Lennox Berkeley’s later economy is best demonstrated here by the Symphony No. 3, a tautly constructed, even terse work in one fourteen minute movement, albeit falling into three readily identifiable sections and conveniently tracked as such on this disc. Berkeley makes use of a somewhat diluted approach to twelve tone technique, much of the material stemming from the opening motif which contains part of the chromatic germ from which the rest of the symphony is to grow, giving the work its characteristic sound-world. The result is impressively argued and aurally coherent if veering slightly towards the cerebral, a point that is emphasised and made all the more obvious by the stylistic changes that his music had undergone by this point.

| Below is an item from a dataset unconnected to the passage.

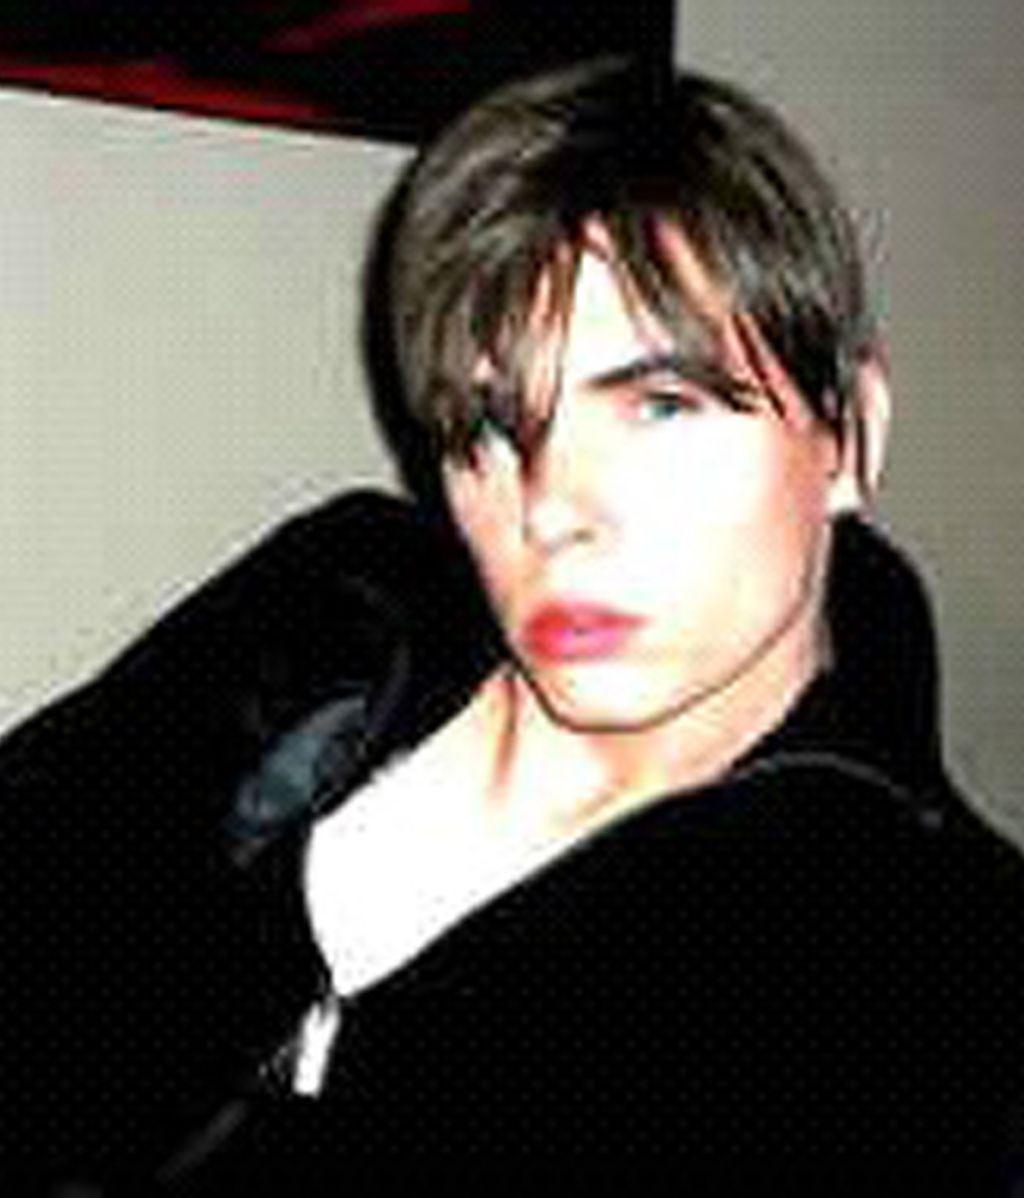 Así es Luka Rocca Magnotta, el 'canibal' de Canadá

Interestingly the premiere of the Sinfonia Concertante was given at the same Prom as the London premiere of the Third Symphony, a concert that commemorated Berkeley’s seventieth birthday. What a great pity it is that a number of other important British composers who have celebrated similar milestones since were not afforded such an honour! Although written four years later than the Symphony the Sinfonia Concertante turns out to be the more expansively melodic of the two works, no doubt due to the composer’s specific intentions in writing for Janet Craxton and his desire to demonstrate the "oboe’s aptitude for melodic expression and expansion" rather than as a "vehicle for the display of virtuosity"; not that the work is lacking in technical fireworks as the second movement Allegro vivace shows. However, contrast this with the sunny fourth movement Canzonetta and one can clearly see what the composer was wishing to achieve. The work is beautifully and idiomatically written for the solo instrument and Berkeley’s scoring for his scaled-down orchestra, coupled with a touch of added colour from the piano is exquisitely done. Of the two works it is the impressive concision and cohesion of the Symphony that creates the more striking impression.

I clearly recall hearing Michael Berkeley’s early Symphony in One Movement: Uprising, for the first time and being astonished by its, at times, almost literal debt to Stravinsky, in particular the Symphony in Three Movements. In point of fact the Symphony appeared in 1980, three years after the Oboe Concerto, although in the concerto it is the composers who surrounded Berkeley during his youth, close friends of his father, that seem to exert the strongest influence on the young composer. The year Berkeley began work on the concerto saw the death of his godfather, Benjamin Britten, and as a result the work became a memorial to his father’s great friend. Indeed, the final movement carries the title, Elegy: In memoriam Benjamin Britten, although echoes of Britten also seem to hover in the opening movement. The central Scherzo: Allegro vivace is closer to his father’s music and perhaps not a long way from the language of Kenneth Leighton. Stylistic concerns aside however it is the young Berkeley’s ability to carry a sustained melodic line that makes the concerto worthwhile. Nicholas Daniel takes full advantage in a performance packed with atmosphere and gloriously singing solo playing.

Secret Garden serves as a good example of what Michael Berkeley’s music has become. It is not devoid of melody but is set against a more adventurous backdrop of harmonic freedom creating a harsher soundworld in which dissonance plays an integral, if controlled, part. The piece takes the listener on a journey through the recesses of the mind, following paths that are sometimes quickly aborted or can lead to further discoveries. The orchestration is exciting, the overall invention possibly less so, but the blazing closing paragraphs are undeniably impressive and had me reaching for the remote for a repeat hearing.

Chandos’s recording is finely captured in the spacious acoustics of Swansea’s excellent Brangwyn Hall. The strings in the Concerto have both warmth, natural depth of tone and admirable rhythmic clarity whilst the dynamics of the orchestra in full flight are truly thrilling (try the aforementioned closing bars of Secret Garden). Ultimately though it is Nicholas Daniel that steals the show. His playing demonstrates a musicianship that ranks him amongst our very finest instrumentalists and his contribution to this release cannot be underestimated.